Pandas Cookbook ++ Great Expectations

Neil Williams

17 Oct 2024 • 3 min read

If there’s one thing the Pandas Cookbook (3rd Edition) excels at, it’s turning complex concepts into approachable, digestible bites.

The Data Validation section in Chapter 11 of my Early Review Copy, did exactly that for me with Great Expectations—an essential tool for ensuring data quality. Until now, I hadn’t used it at all. However, in just a few clear and concise steps, the Pandas Cookbook took me through setting up Great Expectations and using it to validate a dataset. What really struck me was how this small recipe has opened up a new world of possibilities in terms of automating data quality checks in my own work.

The cookbook uses a vehicles dataset, which strikes a nice balance between complexity and clarity. It’s not a trivial dataset, but it’s one that any reader can quickly understand, making it the perfect choice for demonstrating data validation in a meaningful way. This keeps the focus on mastering the tool, rather than trying to decipher the data. I immediately found myself thinking about how I could adapt this same workflow to larger, more complicated datasets in my own projects.

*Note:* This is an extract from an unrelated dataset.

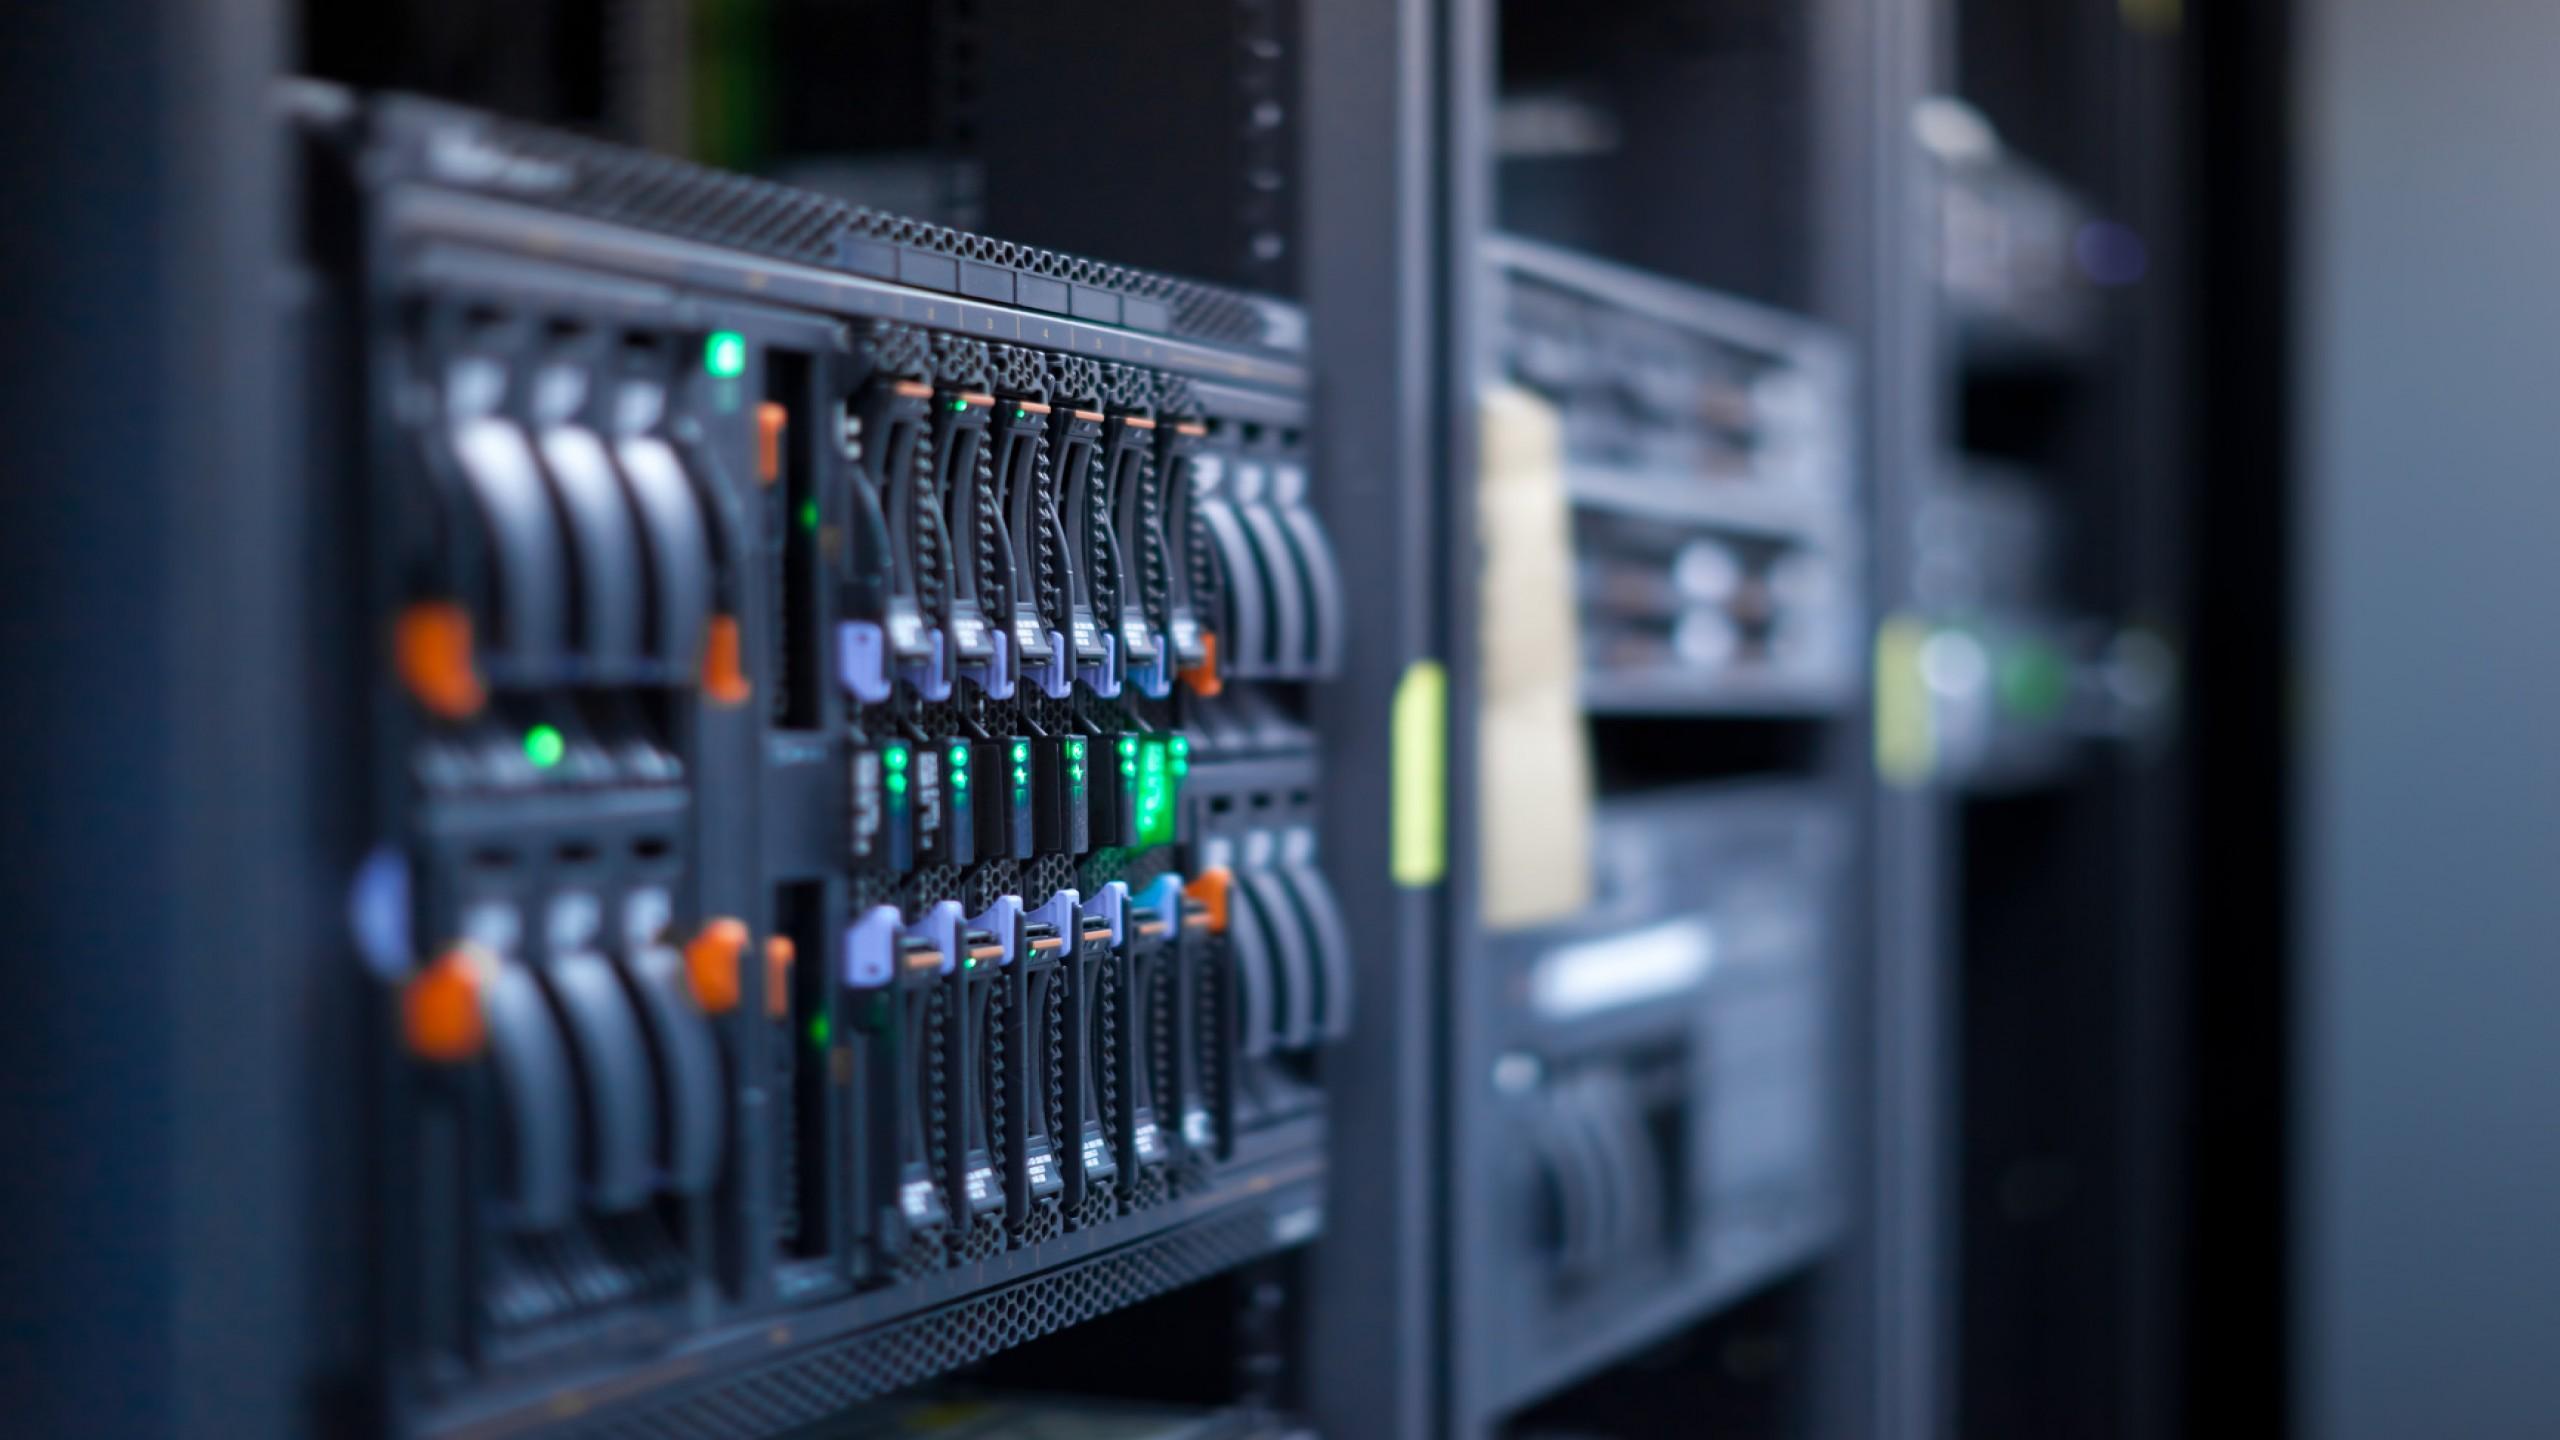 Виртуальный выделенный сервер от FreeHost - качество по приемлемым ценам

One of the best aspects of this recipe, and of the Pandas Cookbook in general, is the side-by-side presentation of code snippets with their outputs. For someone like me—who doesn’t always want to fire up an IDE just to get a sense of the results—this approach is a huge time-saver. Just by scanning the code and output together, I could quickly get the gist of what Great Expectations was doing, and it was motivating enough to make me want to try it out on my own.

Sure, the cookbook only scratches the surface of Great Expectations, but it does so in a way that got me curious enough to dive into the official documentation and start playing around with more advanced features. By the end of reading and digesting the recipe, I had enough confidence to begin building my own validation tests and applying them to my datasets, ensuring that my data pipelines are as reliable as they can be.

Exercises

Inspired by the book and interest in getting my hands dirty with Great Expectations, I got started straight away with two exercises and have three more in the backlog.

Exploring the Expectations Gallery

Trying out some of the more advanced expectations available in the Expectations Gallery has deepened my understanding of how flexible the tool can be. Each recipe includes a description, lists the applicable data sources, a summary of the arguments, some examples, notes and links to related expectations.

The gallery is organised by data source and data quality issue:

Data source	Data quality issue
Pandas, Spark, SQLite, PostgreSQL, MySQL, MSSQL, Redshift, BigQuery, Snowflake	Missingness, Pattern matching, Cardinality, Sets, Distribution, Numerical data, Schema, Volume

Eland

As a first exploration of experimenting with other data types, I turned to my old favourite ElasticSearch. In particular, I used Eland to help me load a dataset into the Elastic Cloud and then as the conduit to Great Expectations. It was fun to how these technologies fitted together and I will post the code in a few days.

Follow on sprint

Next, I will expand my use through:

Automating Validation Checks: Set up Great Expectations in a larger project to automate checks for null values, duplicates, and outliers across multiple datasets.
Creating Custom Expectations: Write custom validation rules for specific business logic, such as ensuring certain columns always follow a predefined pattern (e.g., email addresses or timestamps).
Integrating Great Expectations with a Data Pipeline: Incorporate Great Expectations into an ETL (Extract, Transform, Load) pipeline to automatically validate data at various stages. In particular, I will be exploring integration with my Prefect set up.

Summing up

The Pandas Cookbook (3rd Edition) has done more than just introduce a tool—it has given me a springboard to explore new techniques and workflows in my data science projects. I can’t wait to keep pushing the boundaries of what’s possible with Pandas. If you haven’t already, I highly recommend giving Chapter 11 a read and seeing where it takes you.